Tachra Darius I's private palace- Persepolis

Two remarkable inscriptions adorned the border of the king's garments on the south portal. One of them, giving the name of Darius I, was chiseled off in the early 1700s by Cornelius de Bruien. Today this inscription is reportedly stored in the Bibliotheque Nationale in Paris. Another inscription, even more notable, might have survived to a later date. It gave the name of Xerxes, proving the conjecture that Xerxes was a co-regent of his father during Darius's late years. Another very curious inscription is repeated many times on the stone window frames of the palace. It runs: "Stone window frames, made in the house of Darius the King.” Nowadays, inscriptions or imprints with the same meaning are often used on office furniture or stationery to prevent them from misappropriation or as an advertisement for the manufacturer. One can only wonder what the purpose of these inscriptions was in Darius's palace.
The smooth and finely polished wall surfaces of the Tachara have tempted scribes and scribblers of later periods to leave their signature on them so that today the palace is a sort of a museum of the script. Here one can trace inscriptions in Middle Persian from the Sasanid period, Kufic from the Buyid reign, Tholth from the period of Timurid rule, Nastaliq from the Qajar age, and so forth. The palace overlooks the court, bordered by a wall on the west, and two staircases on the south and east. The south staircase led to Palace H, while the east staircase linked the court to the north courtyard of the Hadish.
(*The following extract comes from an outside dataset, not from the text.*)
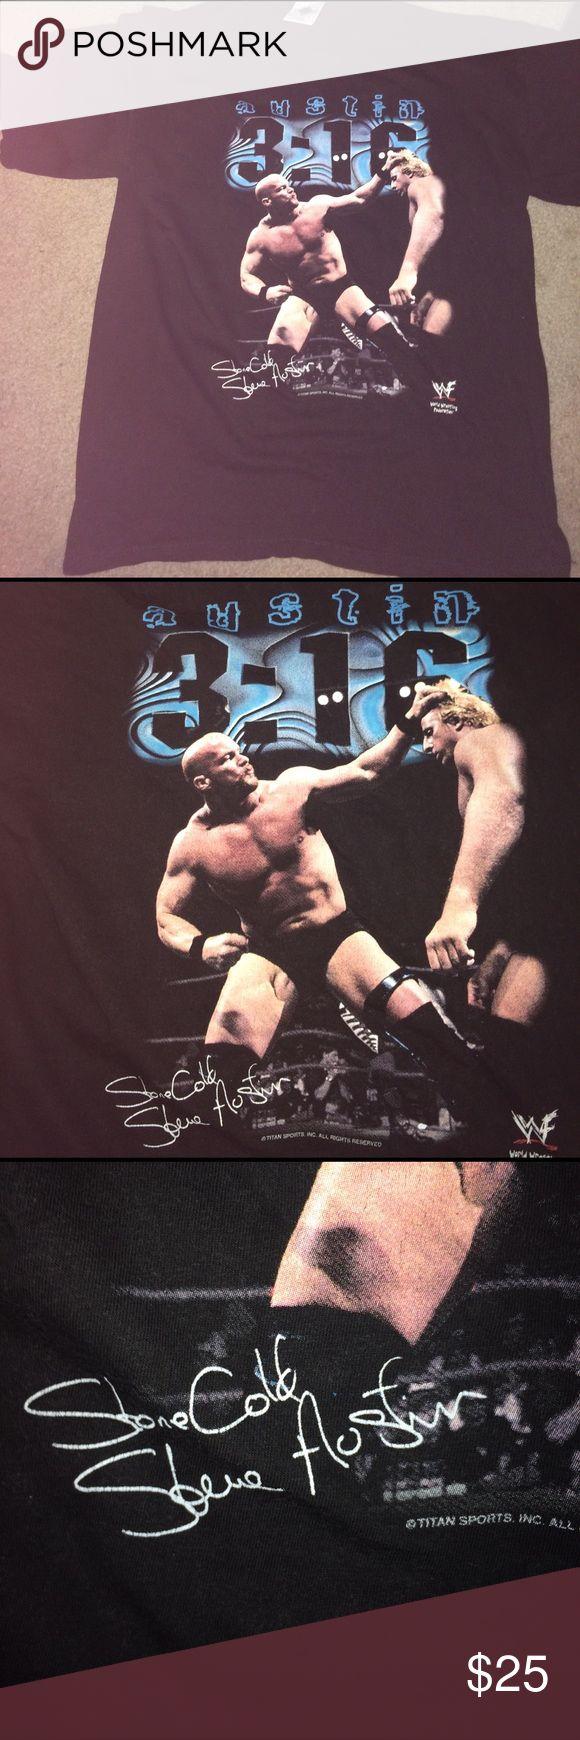 Men's Autographed Stone Cold Steve Austin Size L Men's Autographed Stone Cold Steve Austin Wrestling T Shirt Perfect Condition!! Tour Champ Shirts Tees - Short Sleeve
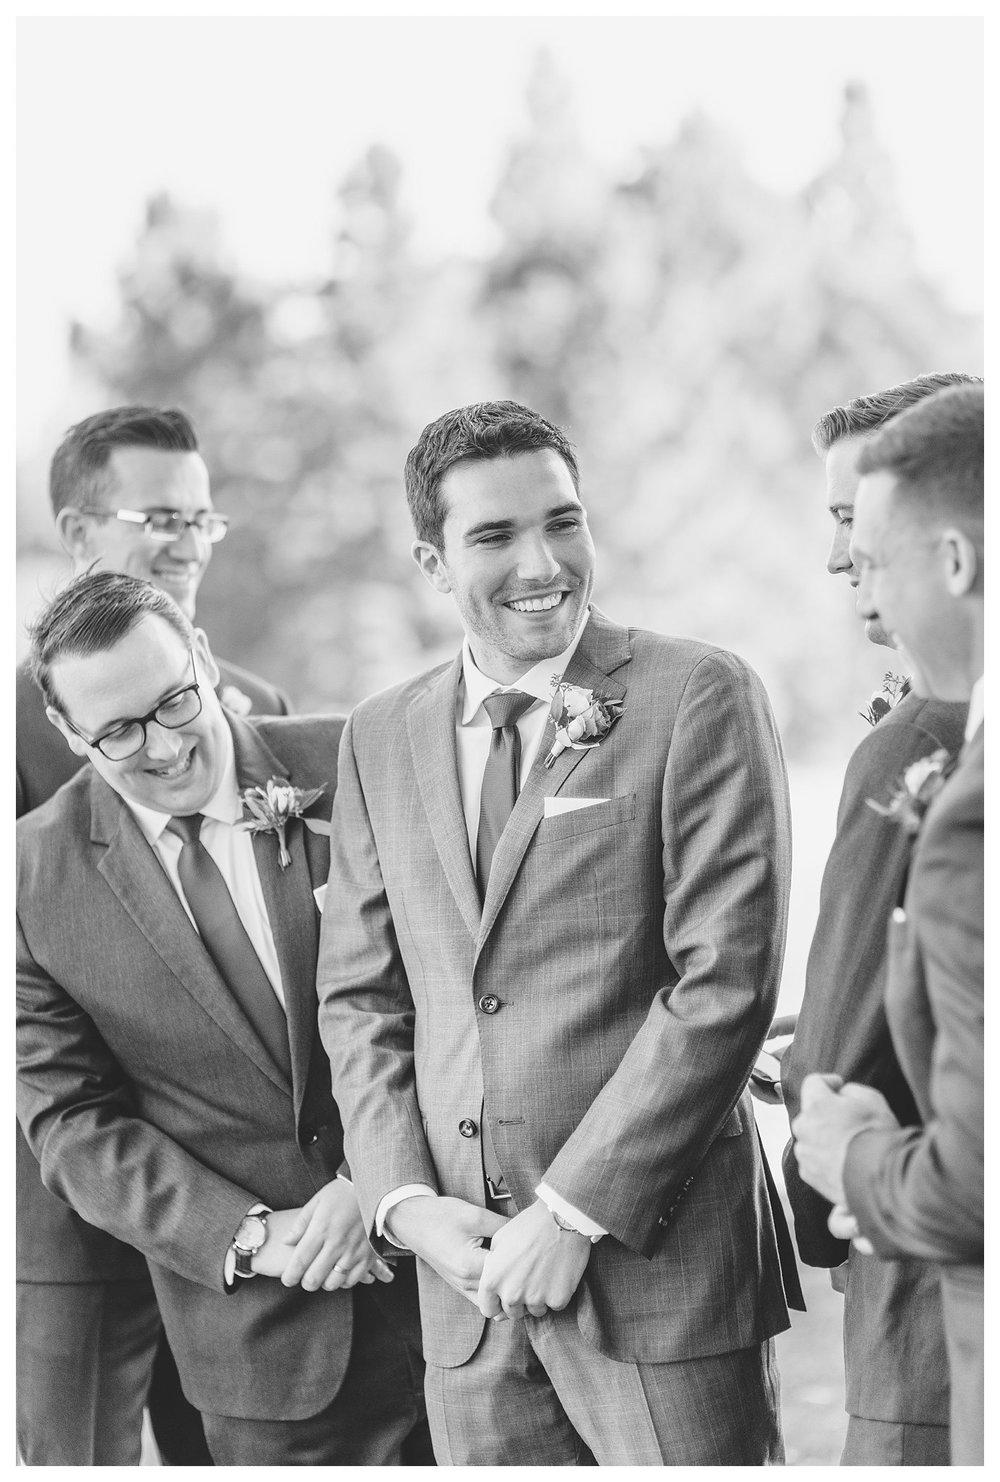 everleighphotography-cincinnati-wedding-photographer-northern-kentucky-wedding-photographer-camargo-country-club-the-karsh-wedding-26

Tachra Darius I's private palace- Persepolis

Palace H

Although today hardly more than a mound of earth with some scanty remains of mud-brick wall bases, this palace may have had a peculiar significance during the Achaemenid and even later periods. The building was started by Xerxes and completed by Artaxerxes I. Its layout is unknown, but archaeologists have succeeded in restoring I enough of its magnificent stairway (later replaced for unknown reasons by the stairway of Palace G) to show how it must have once appeared. Also restored are some sections of its most unusual stone parapets. Unique in Achaemenid art, they are topped with horn-like half-cones, found in two sizes. The shorter halfcones have arrow-shaped slots on their exterior faces, while the taller ones are decorated with symmetrically-carved squares and triangles which may be symbolic representations of flying birds. Probably all these features carried specific meanings and were intended as protection of the structure and the people within it. Like many other structures on the terrace, the parapet was never completed. The date and manner of its destruction, whether brought about by human action, earthquake, or other natural causes, are unknown. The horned parapets are most easily viewed from below the platform.